- Location in Ellis County
- Coordinates: 39°01′30″N 099°29′46″W﻿ / ﻿39.02500°N 99.49611°W
- Country: United States
- State: Kansas
- County: Ellis

Area
- • Total: 176.48 sq mi (457.08 km^{2})
- • Land: 176 sq mi (457 km^{2})
- • Water: 0.035 sq mi (0.09 km^{2}) 0.02%
- Elevation: 2,110 ft (643 m)

Population (2000)
- • Total: 418
- • Density: 2.4/sq mi (0.93/km^{2})
- GNIS ID: 0485300

= Ellis Township, Kansas =

Ellis Township was a township in Ellis County, Kansas, United States. At the 2010 census, its population was 418.

== History ==
A post office was opened at Halton in 1878. The name was changed to Mendota in 1882. The post office was discontinued in 1909. Until 1910, the Mendota area was part of Hamilton Township. In 2023, the townships of Ellis County were redrawn.
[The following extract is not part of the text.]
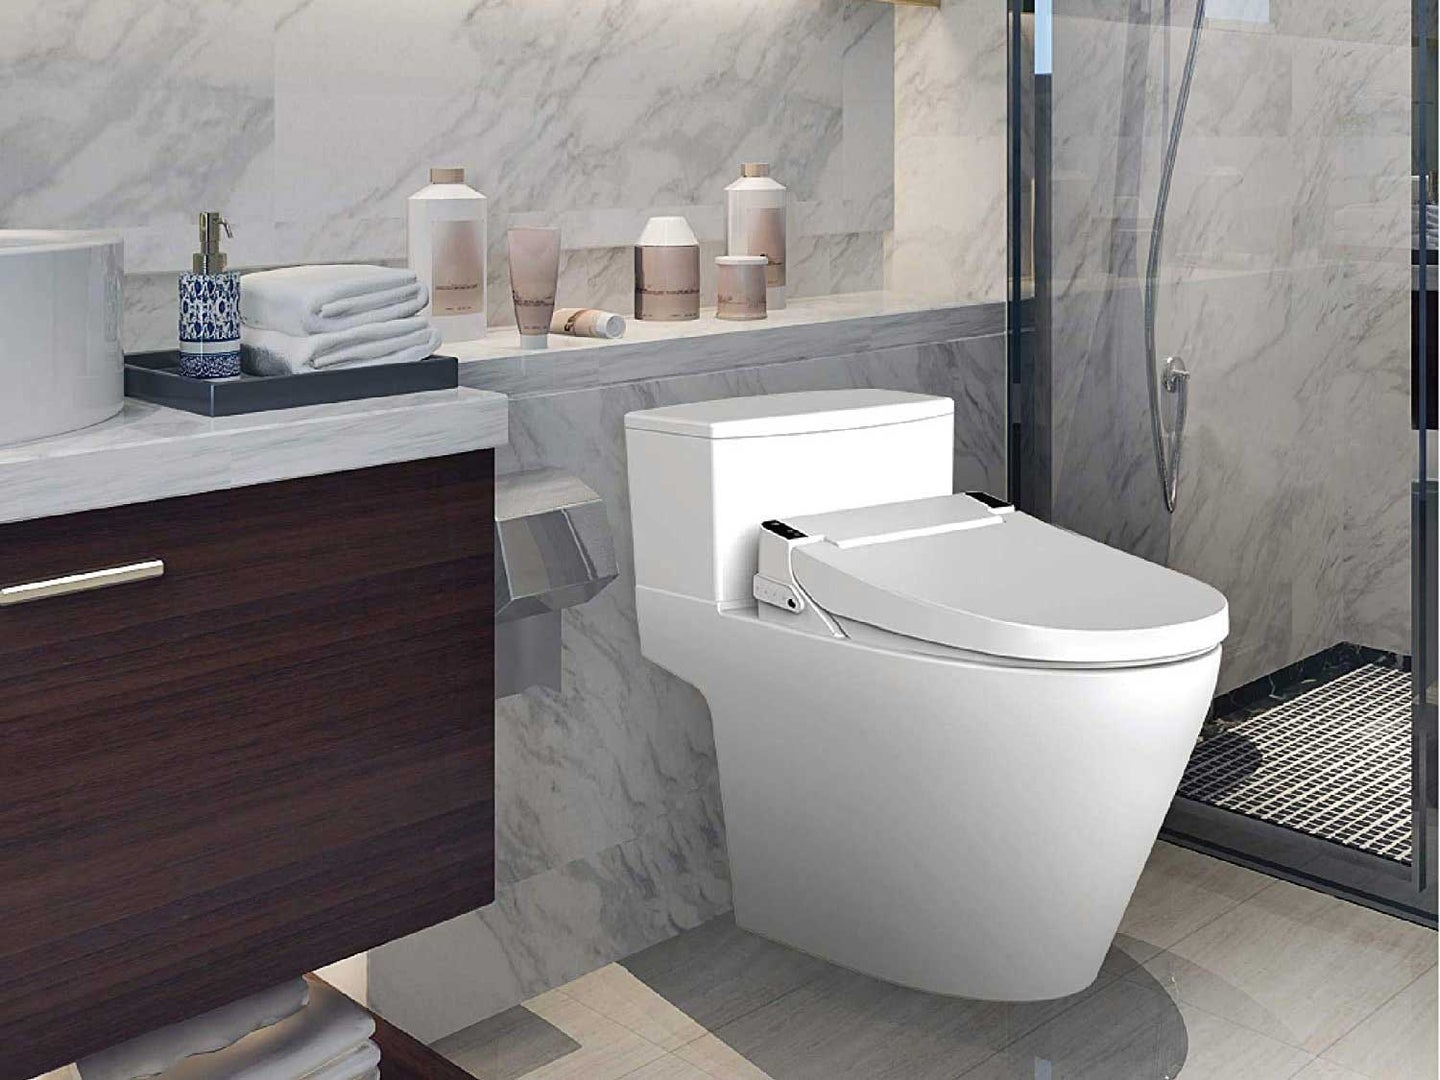 VOVO electronic bidet smart toilet seat in bathroom.

Ellis Township was absorbed by Buckeye Township, which became West Buckeye within the township.

==Geography==
Ellis Township covered an area of 176.48 sqmi and contained one incorporated settlement, Ellis. According to the USGS, it contained two cemeteries: Mount Hope and Saint Marys.

The streams of East Spring Creek, Tomcat Creek and Wild Horse Creek ran through the township.

==Transportation==
Ellis Township contained one airport or landing strip, Ellis Landing Field.